Sen. Alting Praises Court Ruling on Indiana Voter ID Law

INDIANAPOLIS, Ind. — State Sen. Ron Alting (R-Lafayette) praised today’s ruling of the Indiana Supreme Court upholding the state’s voter identification law.

“Voting in a fair and credible election is the essence of being an American citizen,” Alting said. “As a lawmaker, I believe I have a responsibility to adopt policies that protects our representative democracy by ensuring each vote cast is valid.

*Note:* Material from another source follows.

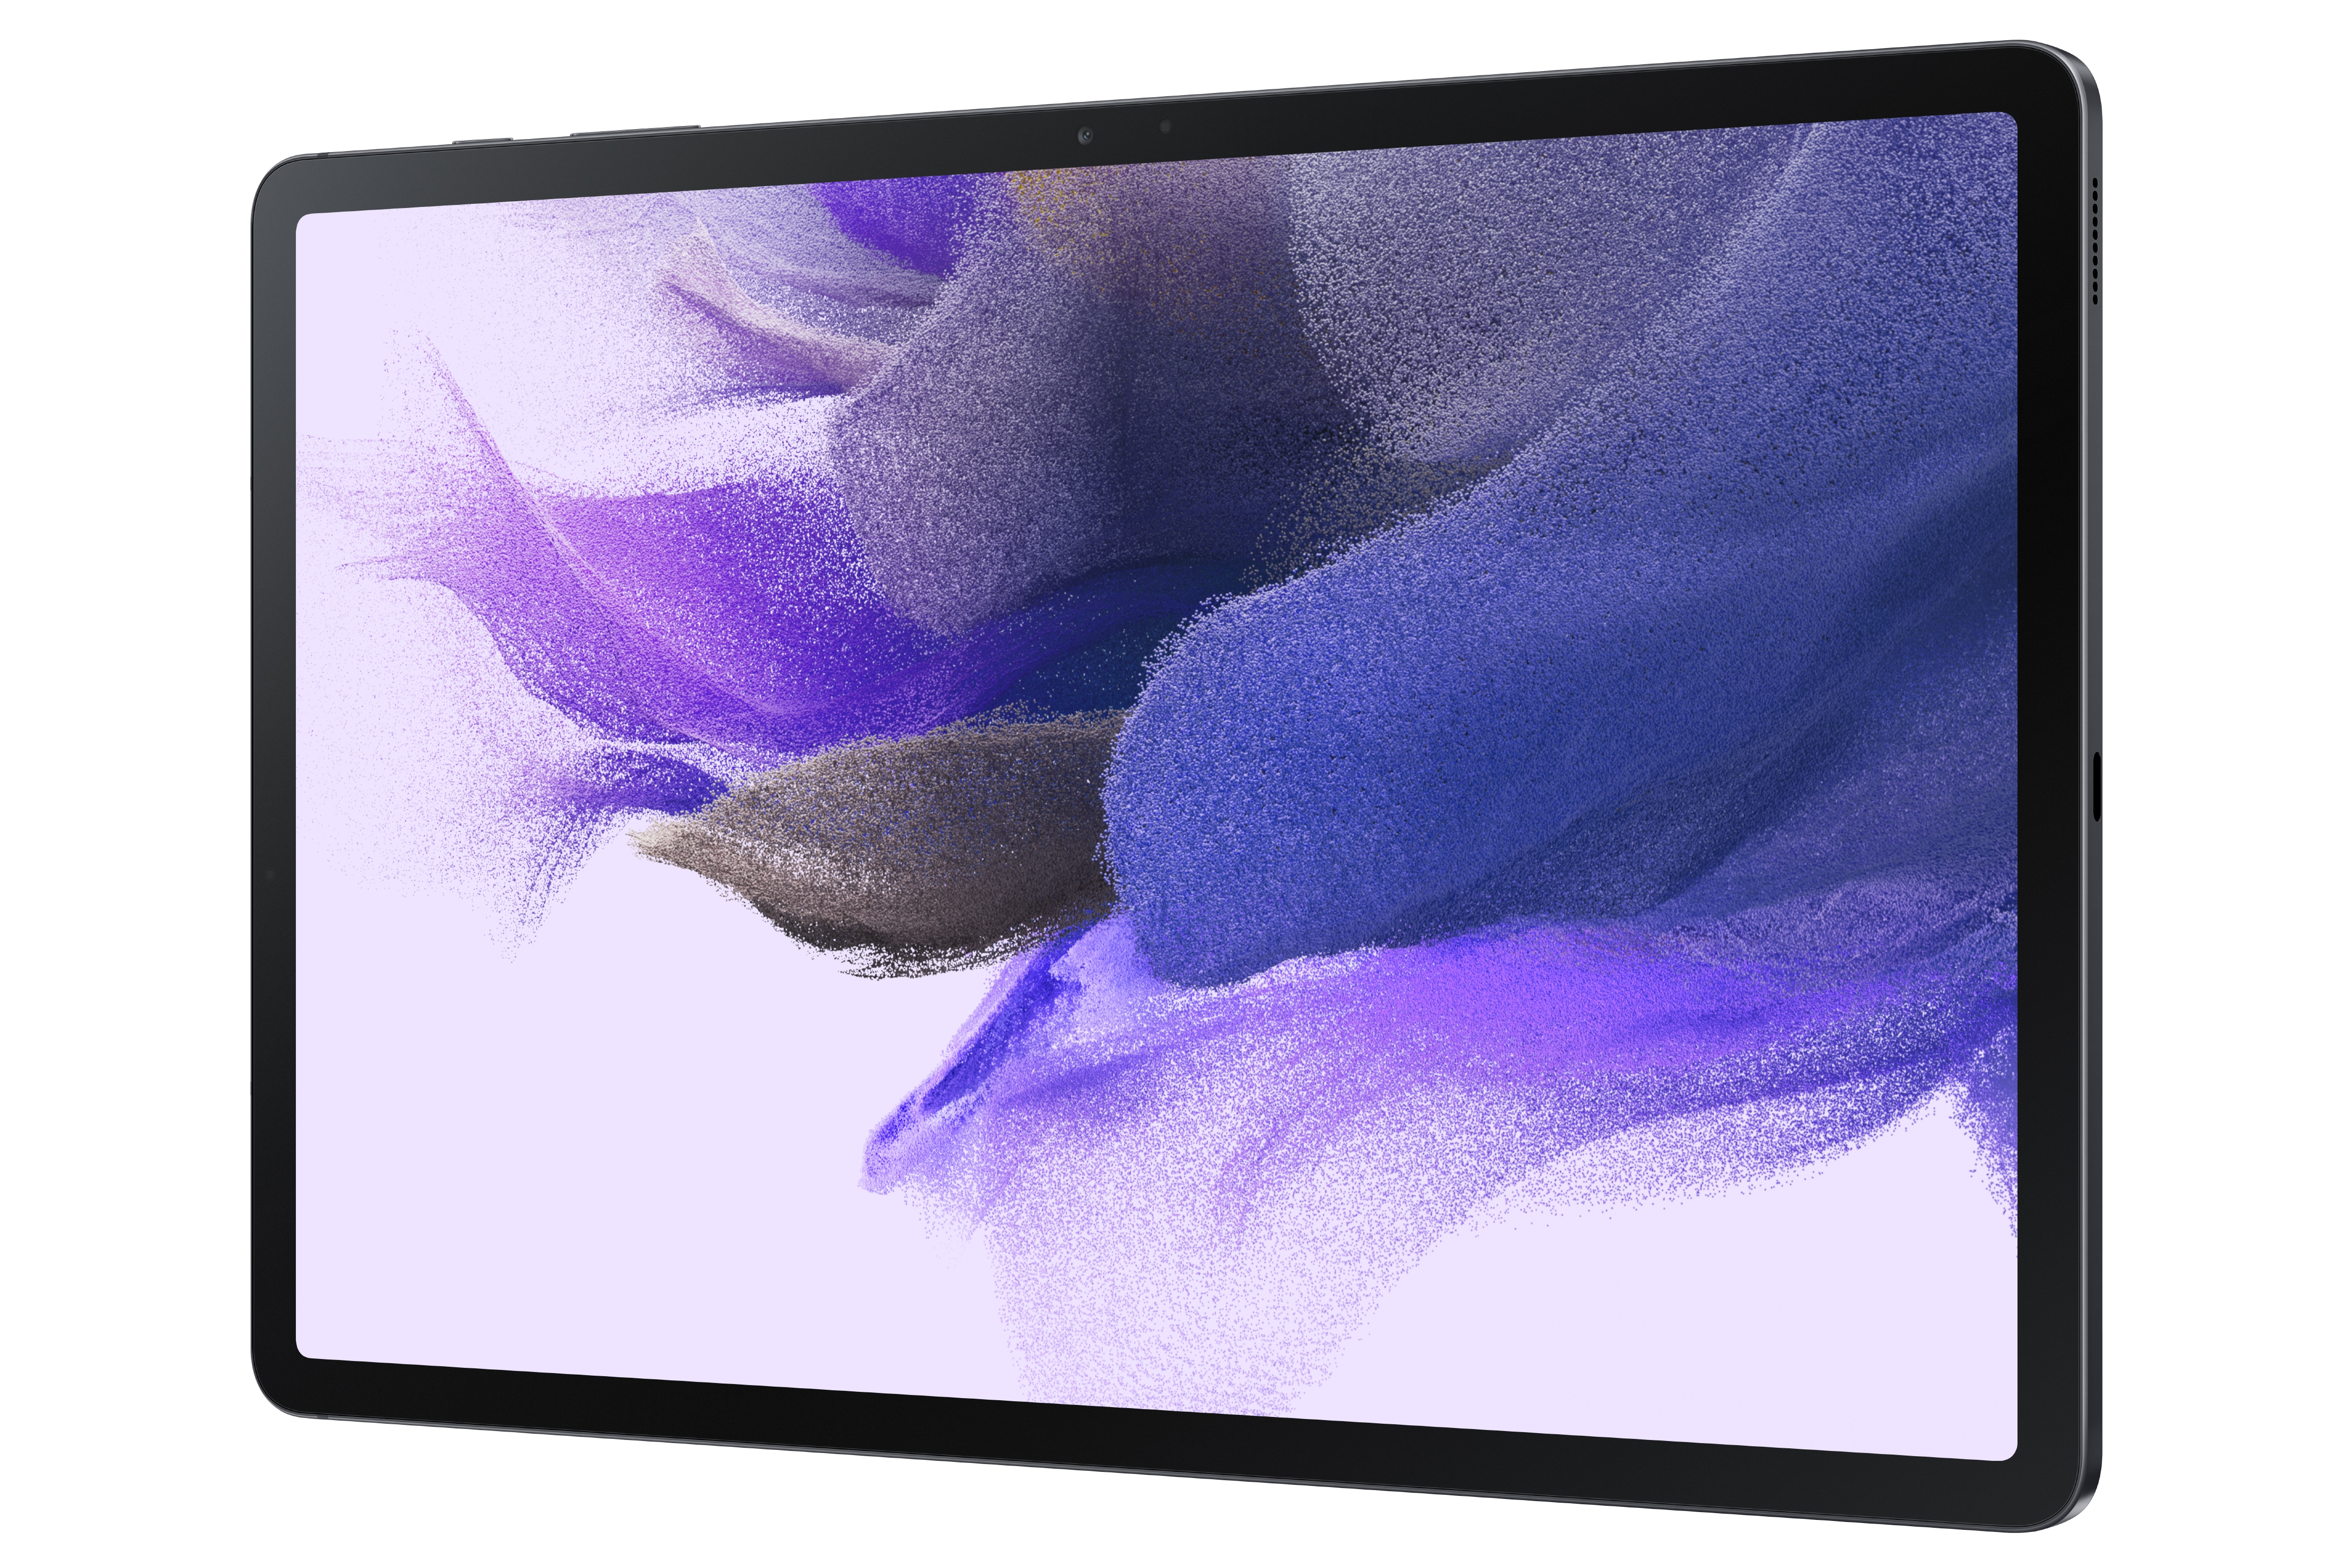 Thumbnail image of Galaxy Tab S7 FE, 64GB, Mystic Black (Wi-Fi)

Our state’s voter ID law provides Hoosiers with the assurance that their vote is protected.”

Justice Brent Dickson, writing for the 4-1 court majority, said “it is within the power of the legislature to require voters to identify themselves at the polls using a photo ID.”

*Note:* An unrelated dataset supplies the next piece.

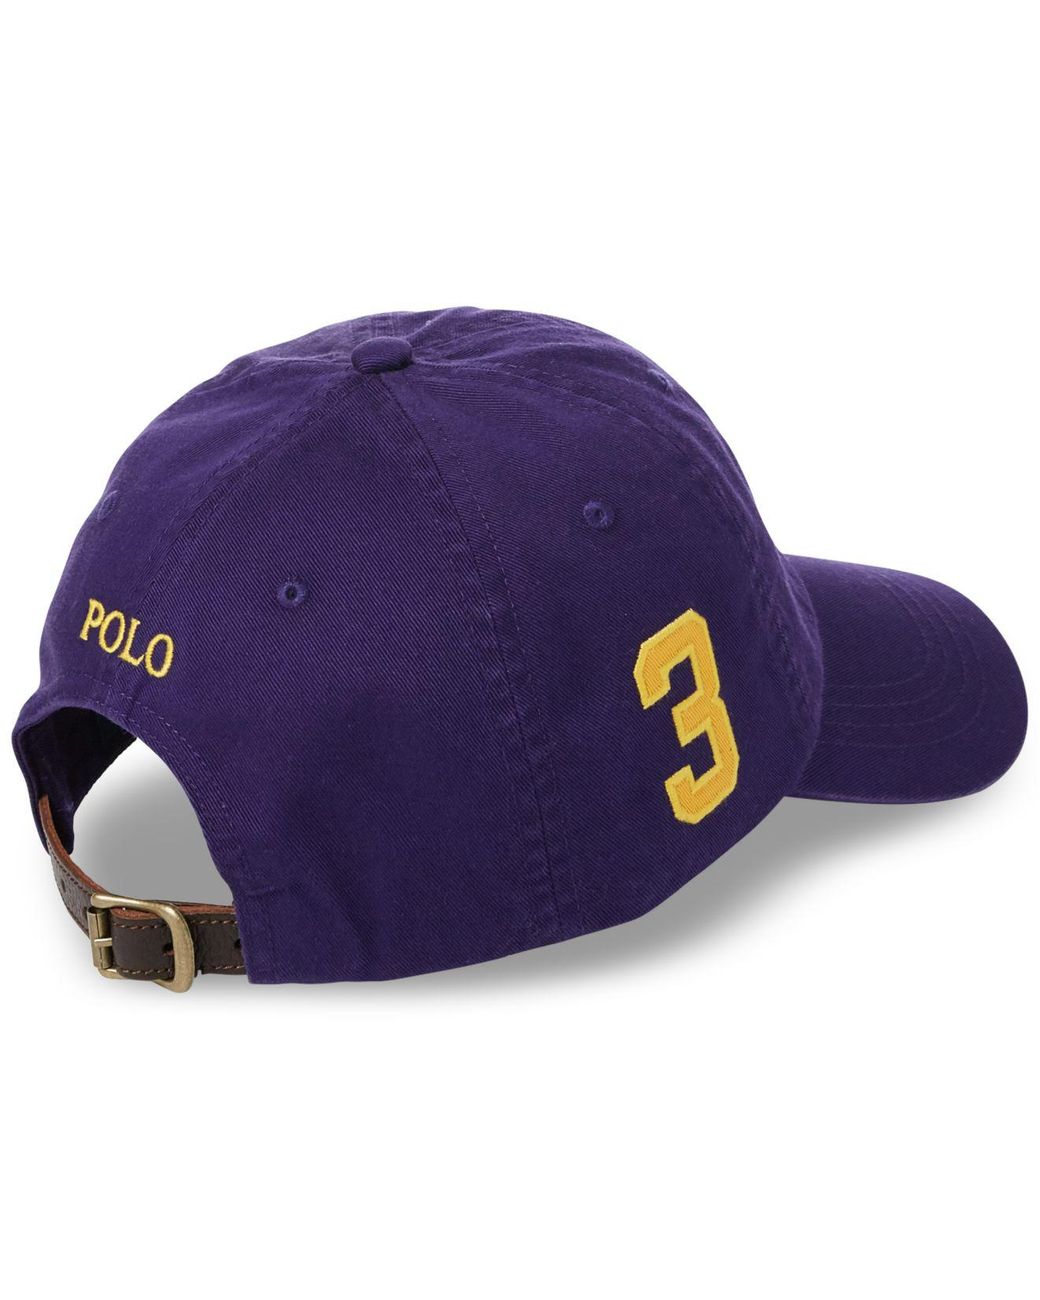 Polo Ralph Lauren Men's Hats Dillard's, 53% OFF

The League of Women Voters sought to overturn the law arguing that the legislature did not have the authority to require voters to identify themselves at the polls because the law constituted a qualification for voting, which they claimed was in violation of Article 2, Section 2 of the Indiana Constitution.

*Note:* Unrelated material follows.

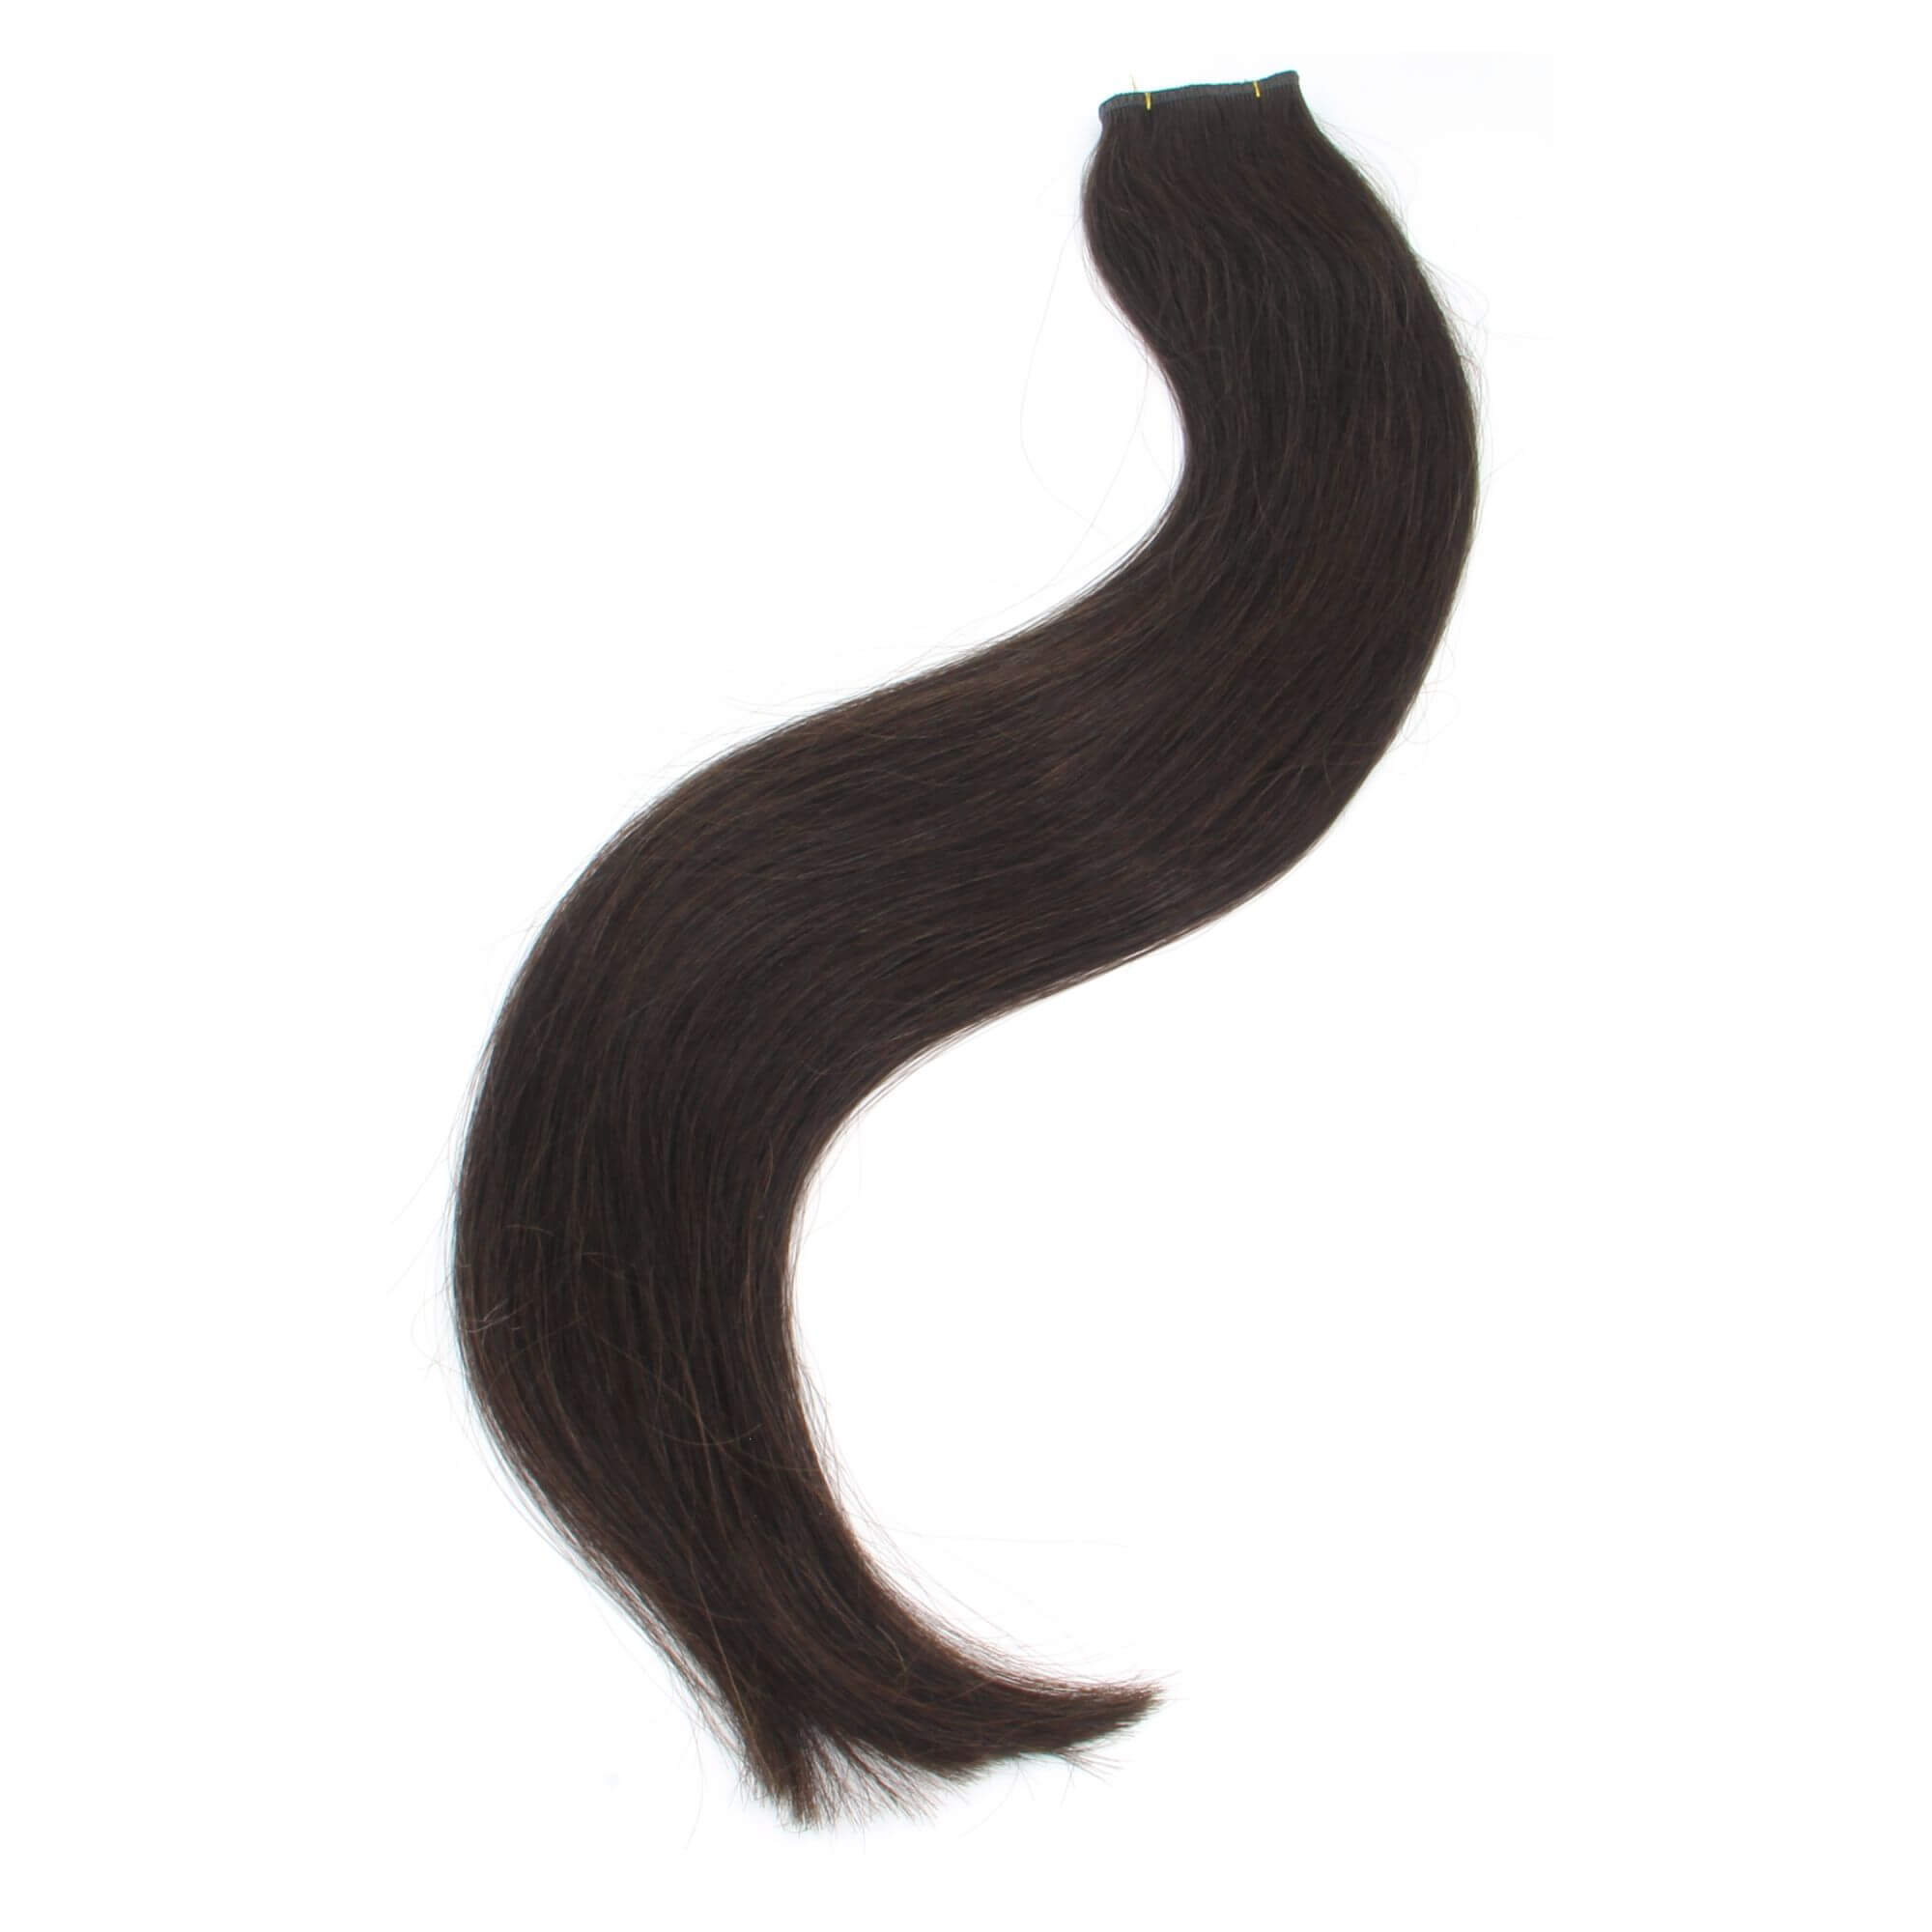 Haarweaves kopen van Koop weaves van Chiq Human Hair

Alting said the court’s ruling also addressed the claims by the group that Indiana’s law violates the “Privileges and Immunities Clause,” because it does not require voters casting absentee ballots by mail or those who both live and vote in a state-licensed care facility to comply with its provisions.

In the ruling, the court acknowledges that the Voter ID Law creates exceptions to its general requirement for government-issued photo identification, but the court did not believe these exceptions undermined the uniformity of the photo ID requirement for in-person voting.

“Such special expectations no more create a fatal lack of uniformity in the Voter ID law than do the statutory provisions authorizing mail-absentee voting, early voting and other accommodations that allow voting apart from in-person voting at regular polling places on election day invalidate Indiana’s general election scheme for non-uniformity,” the court majority said. “They represent specific legislative regulations associated with additional accommodations extended by the legislature to provide alternatives for voters for whom in-person voting on Election Day would be difficult or impossible.”

In 2005, Alting supported legislation requiring voters to show photo identification at the polls. The legislation included provisions requiring the Indiana Bureau of Motor Vehicles to issue photo ID at no costs for those who cannot afford them and exempts individuals with a religious objection to being photographed from being required to show an ID.